Поэтому он потратил немало силы, чтобы убедить ее в том, что только ненадолго отправится в деревню на заработки и вернется, когда гитлеровцы в городе позабудут о взрыве на дороге и перестанут обращать внимание на мальчишек.
Наконец, ворча и охая, бабка Агафья поддалась на его уговоры и признала, что в этом плане есть и некоторый толк. Однако сдалась она лишь с тем условием, что Петька переночует у нее и позволит собрать его в дорогу «по-людски».
В этот день заботливые руки старушки перечинили всю обветшавшую одежду мальчика. Из припрятанных остатков муки бабка напекла ему лепешек. Кормила она в этот день Петьку всем, что только было в ее небогатой кладовой. На столе появился даже не яблочный, а настоящий чай, несколько щепоток которого хранилось в заветной жестяной баночке. Да и не только чай, но и сахар, сберегаемый ею «на большой праздник».

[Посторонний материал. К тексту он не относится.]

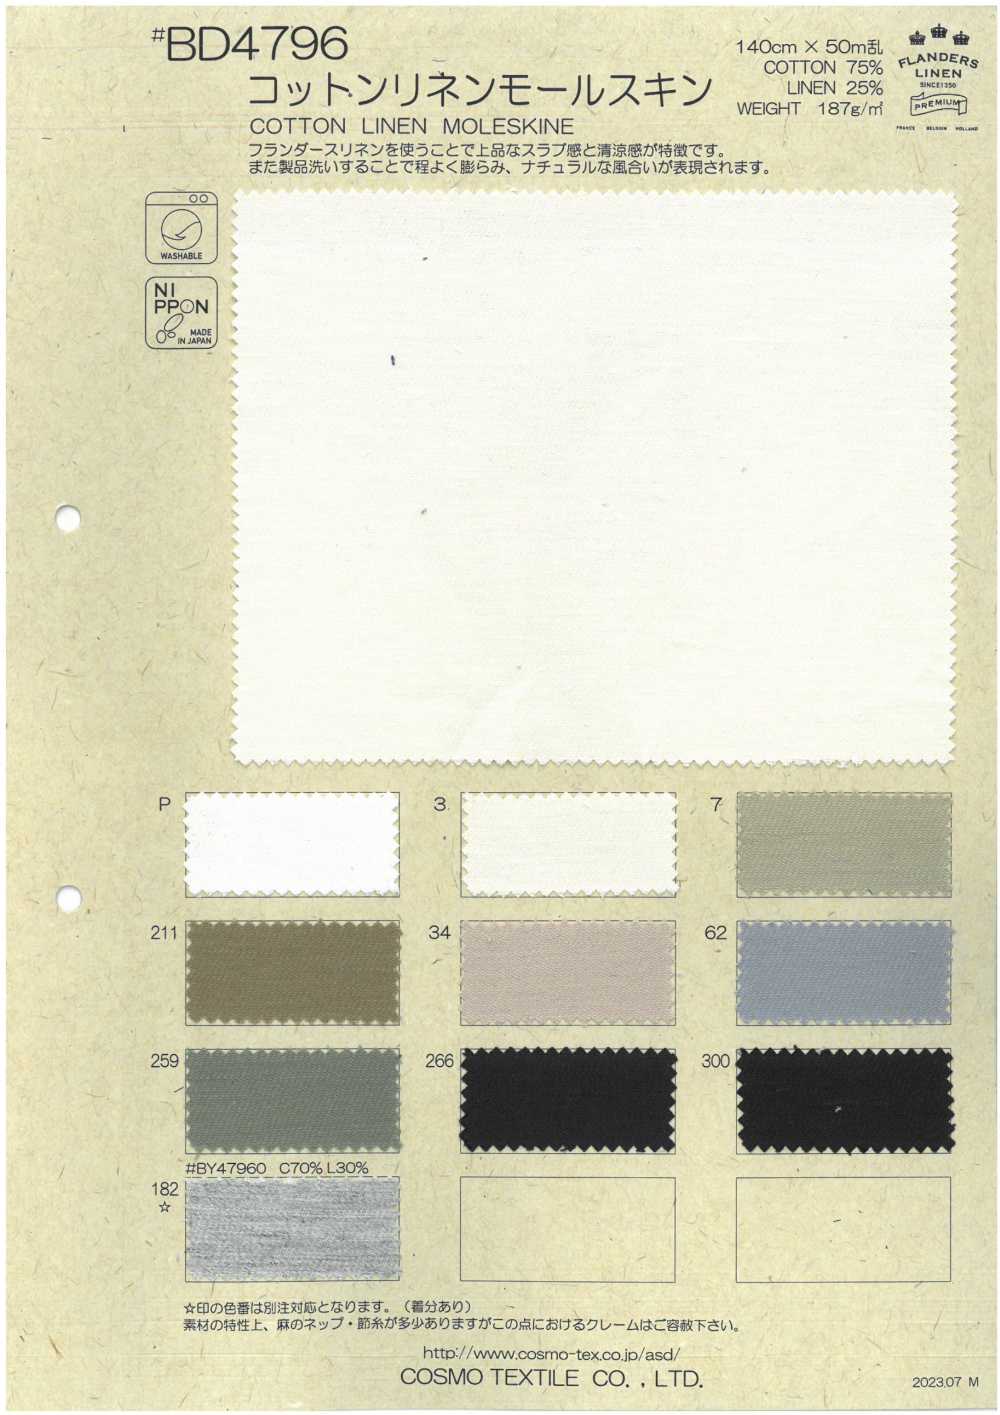 BD4796 Moleskine Coton Lin[Fabrication De Textile] COSMO TEXTILE

Петька, в свою очередь, переколол в этот день все дрова, натаскал воды во все имевшиеся бочки и вообще постарался, чтобы бабке Агафье хоть некоторое время не пришлось прибегать к чужой помощи по дому.
Светало, когда на следующее утро Петька, снарядившись в путь, вышел из гостеприимного домика.
— Хоть днем, хоть ночью приходи домой, Петенька, — напутствовала его бабка Агафья. — И скорей возвращайся, сынок. Ждать буду.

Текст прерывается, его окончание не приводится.